Polres Garut memfasilitasi kedua belah pihak baik terlapor maupun pelapor untuk melakukan mediasi terkait kasus tersebut, dengan menghadirkan keluarga pelaku atas nama anak Reyhan dan keluarga korban atas nama Asep.
Proses mediasi dilakukan di ruang gelar perkara Satreskrim Polres yang dihadiri juga Balai Pemasyarakatan Bapas kelas II Garut, Dinas Sosial Garut, Lembaga Penyelenggaraan Kesejahteraan Sosial (LPKS) Banjar, dan kuasa hukum dari kedua belah pihak, serta penyidik Polres Garut, Rabu (6/11/2024).
Pembimbing Kemasyarakatan ahli Muda Bapas Garut Martini, S.H.,M.H, mengatakan, proses peradilan yang dilakukan terhadap anak atas nama Reyhan sesuai dengan undang-undang SPPA nomer 11 tahun 2012.
Dimana, lanjutnya, anak Reyhan melakukan perbuatan itu ancaman hukuman dibawah 7 tahun, dan bukan pengulangan tindak pidana, pihaknya melakukan disversi.
"Disversi sudah Kita lakukan, berkumpul dari berbagai pihak baik dari penyidik, Saya sendiri dari Bapas, dari korban, terus anak (pelaku) didampingi orang tua, kemudian dari aparat setempat tempat tinggal anak, juga dari LPKS, dan dari Dinas Sosial pun ada.

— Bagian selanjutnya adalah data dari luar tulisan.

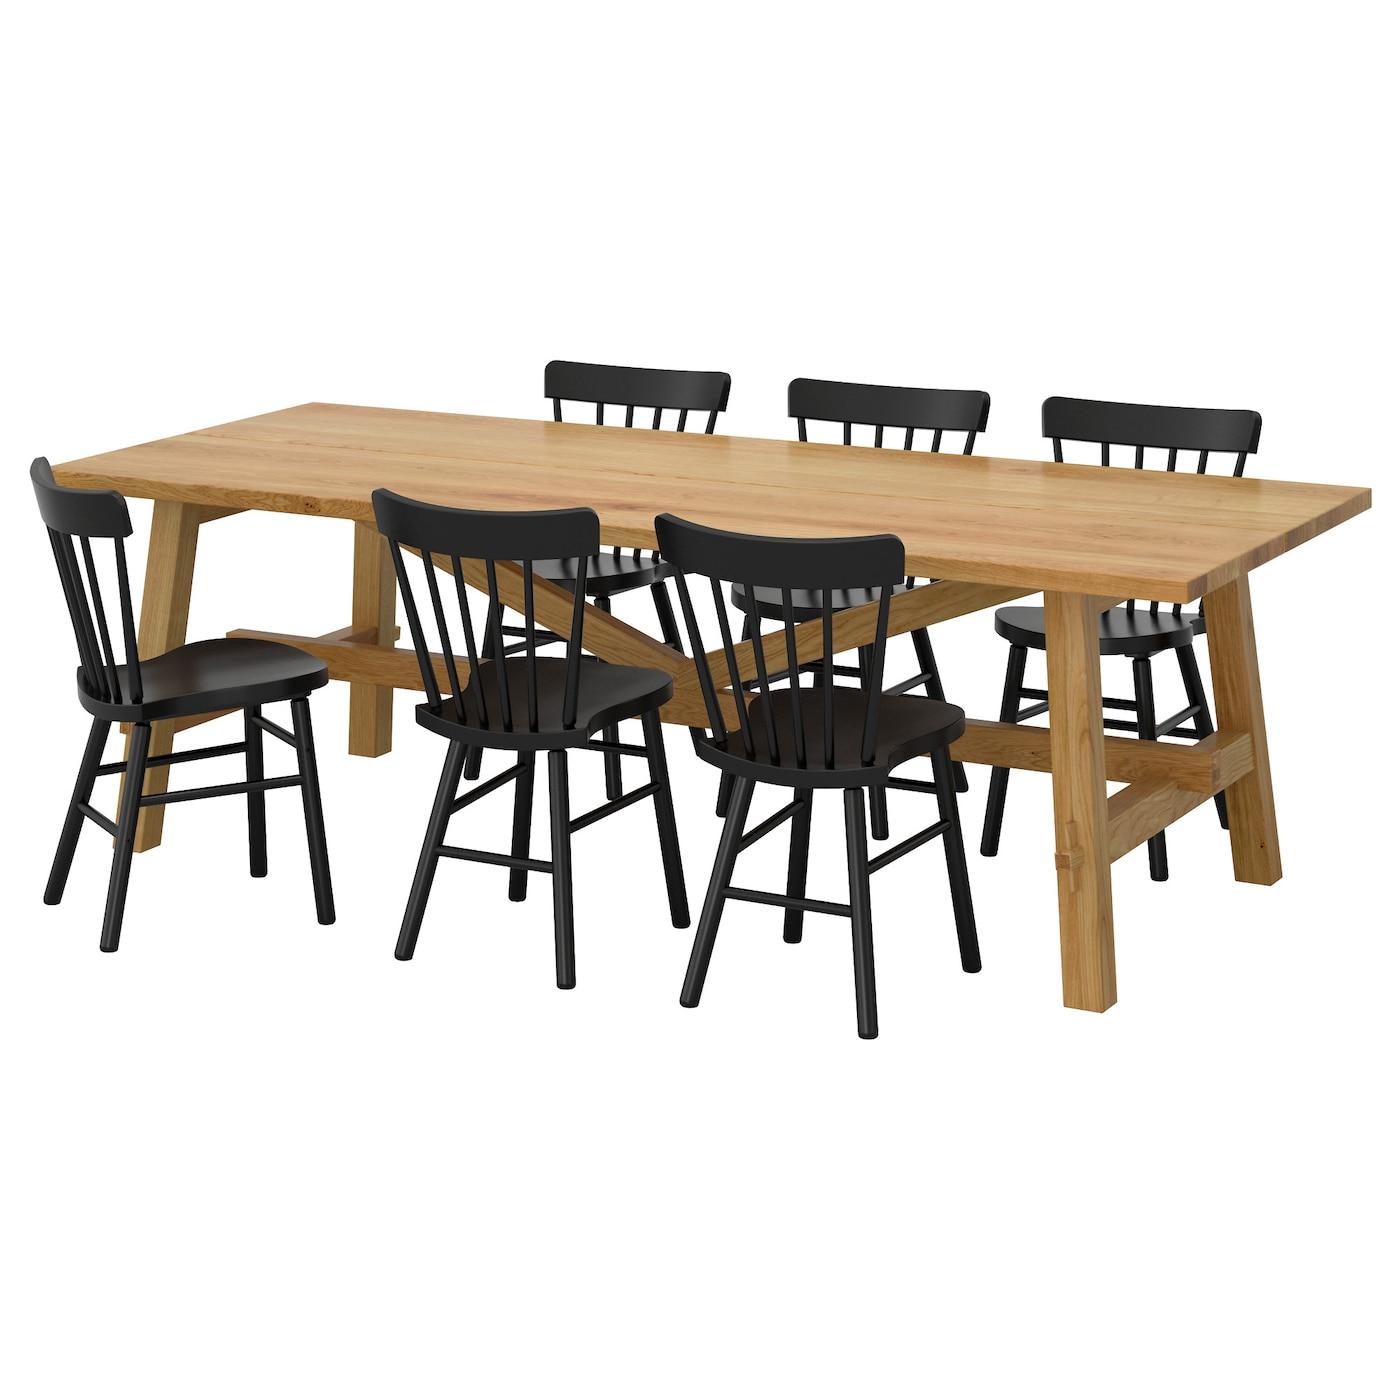 Norraryd m ckelby table et 6 chaises ch ne noir 235x100 cm for Table 6 chaises ikea

Proses Alhamdulillah berjalan lancar sesuai dengan prosedur yang telah ditetapkan,"ungkapnya.
Martini menjelaskan, bahwa proses disversi ini adalah pengalihan penyelesaian perkara anak dari proses peradilan pidana ke proses di luar peradilan pidana. Tujuannya adalah untuk: Mencapai perdamaian antara korban dan anak, Menyelesaikan perkara anak di luar proses peradilan, Menghindarkan anak dari perampasan kemerdekaan, Mendorong masyarakat untuk berpartisipasi, Menanamkan rasa tanggung jawab kepada anak.
Diversi merupakan pendekatan keadilan restorative yang diatur dalam Undang-Undang Nomor 11 Tahun 2012 tentang Sistem Peradilan Pidana Anak. Diversi dapat menjadi wahana untuk mendidik anak yang sudah melakukan kejahatan atau pelanggaran hukum tentang pentingnya mentaati hukum.
"Alhamdulillah dengan legowo nya korban mau memaafkan dan tidak akan melanjutkan lagi peristiwa ini untuk ke tingkat selanjutnya. Dan anak ini untuk kesepakatan bersama tadi, bahwa anak dikembalikan kepada orang tua, tapi masih dalam pengawasan Kami (Bapas) selama 3 bulan untuk wajib lapor ke Bapas,"jelasnya.
"Jadi anak ini tidak dilepas begitu saja dalam perkara ini, tetapi tetap dalam pengawasan Kami selama 3 bulan. Jadi proses upaya Restoratif Justice sudah Kita lakukan sesuatu dengan undang-undang SPPA nomer 11 tahun 2012,"imbuhnya.
Di tempat yang sama, kuasa hukum korban Heri Sagi menuturkan, bahwa dengan adanya mediasi yang dilakukan pada akhirnya menemukan titik temu untuk islah.
"Alhamdulillah proses mediasi berjalan dengan lancar, semua pihak hadir, jadi sebetulnya Kami dari pihak korban mengikuti alur, apakah berjalan terus sesuai prosedur hukum, ataupun mengambil langkah islah. Dan itu sudah Kita tempuh dan menemui titik temu,"tuturnya.
Heri menyatakan dari pihak korban pada kenyataannya sangat terharu, pasalnya mungkin masih ada ikatan batin dengan pelaku.
"Ya walaupun anak tiri, korban ini turut membesarkannya selama 8 tahun, jadi memang masih ada ikatan batin, apalagi ada anak kandungnya yang masih berumur 9 tahun, korban lebih memikirkan masa depan kedua anak tersebut, meskipun apa yang dilakukan kepada korban sangat tragis,"ucapnya.
Kesimpulan dari perkara ini, Heri menyatakan korban tidak lagi melanjutkan permasalah ini ke prosedur hukum sebagaimana kesepakatan dari proses mediasi.
"Jadi Korban sangat legowo memaafkan pelaku, dan tidak lagi melanjutkan permasalahan ini ke prosedur hukum selanjutnya. Artinya kedua belah pihak islah,"pungkasnya.